What this straight forward story masks is the importance of a writer. Pauline Kael's article reads almost as a defense of not just Mankiewicz, a writer, but the writer. Her claim was dismissed by The Village Voice critic Andrew Sarris, known for introducing America to the "auteur theory" that originated among French directors who saw themselves as sole authors of their film. Incidentally, it was Sarris whose 1956 essay "Citizen Kane: The American Baroque" lent credibility to the film among American scholars and critics.
In Sarris' opinion, Welles fit this idea of an auteur. Welles himself would have agreed, for he has been quoted saying, "Theatre is a collective experience; cinema is the work of a single person." Kael strongly disagreed, and somewhere it is this dialectic that should frame our understanding of the controversy and its characters.
At one point in the Mank trailer Welles tells Mankiewicz, "What is it the writer says?

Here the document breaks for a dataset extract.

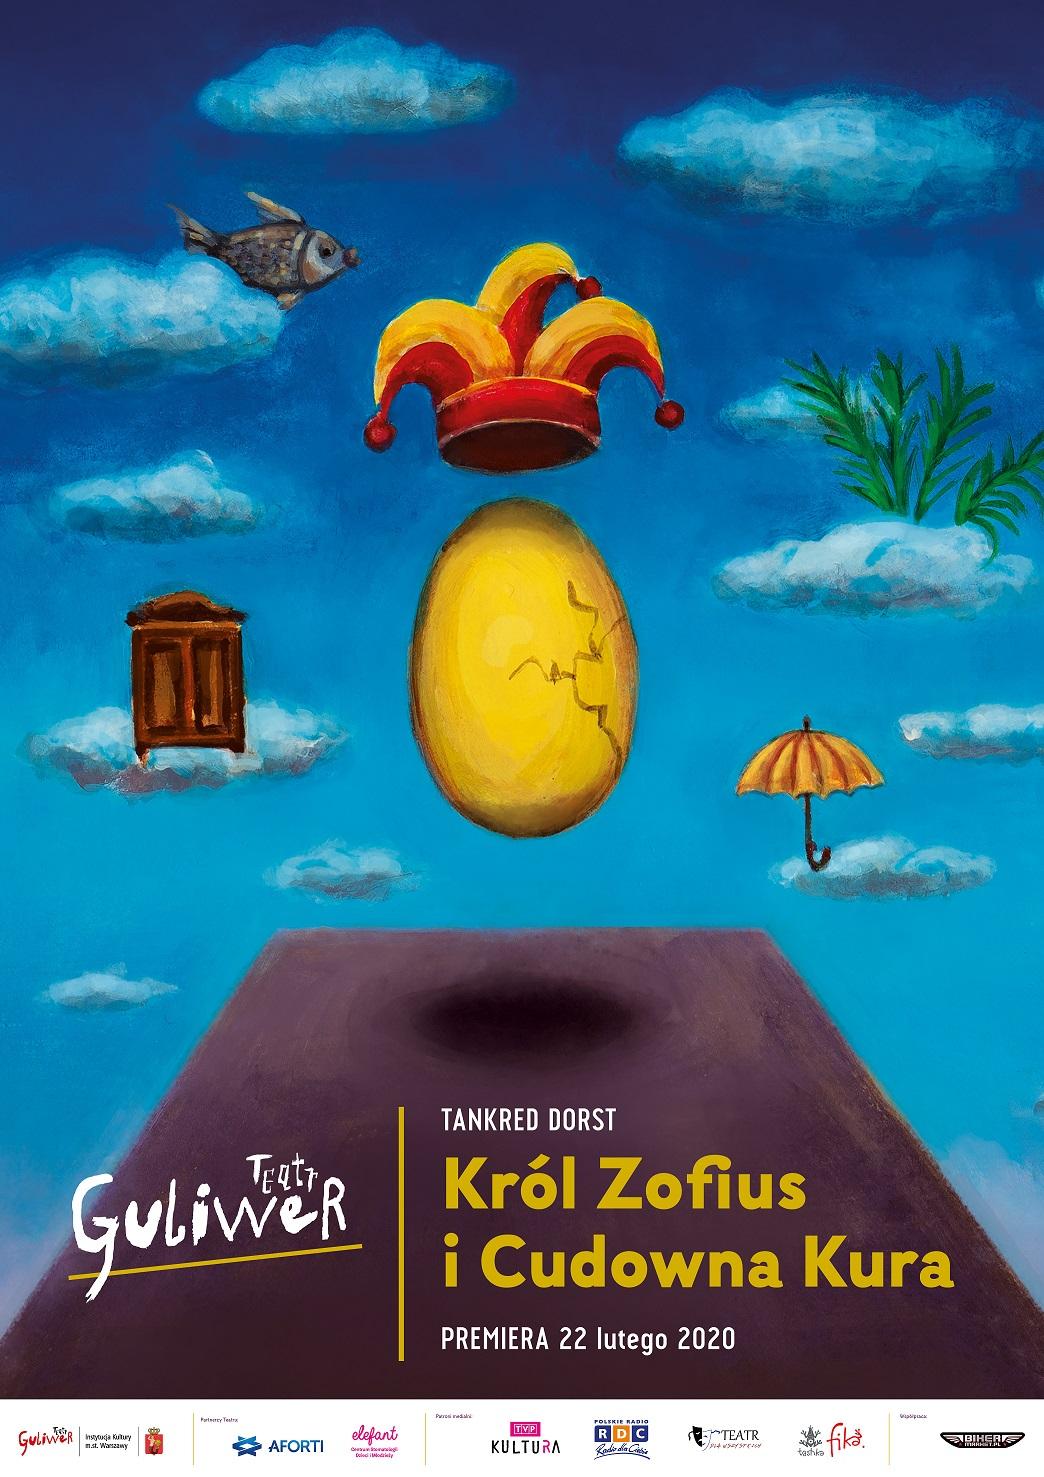 Premierowy spektakl: Król Zofius i Cudowna Kura

Tell the story you know." Battling alcoholism through his precarious employment, Mankiewicz was himself, first, a theater critic. Once, he fell asleep over his typewriter before finishing a review failing a deadline. This became a scene in Citizen Kane.
Mankiewicz, after finding all the doors of employment in New York closed to him, flocked to the other end of the continent, finding employment, fame, and controversy in California.
What is interesting is that Fincher himself is a director who works with scriptwriters, and thus understands the push-and-pull in the relationship of bringing words written by someone else to a celluloid piece attached to your name. In the interview with Mark Harris, he outlines this relationship, one of respect, but also symbiotism, "Look, nobody has more respect for writers than I do. You're in the foxhole with them and they're in the foxhole with you….I'm not a writer. I don't take credit for things that I don't do. Listen, I'm the offspring of a writer. I can't. I've watched somebody put a blank piece of paper in a 1928 Underwood and sit there for 45 minutes. I know how lonely that is."
Mank is scheduled to have a limited theatrical release on November 13 before beginning to stream on Netflix on December 4.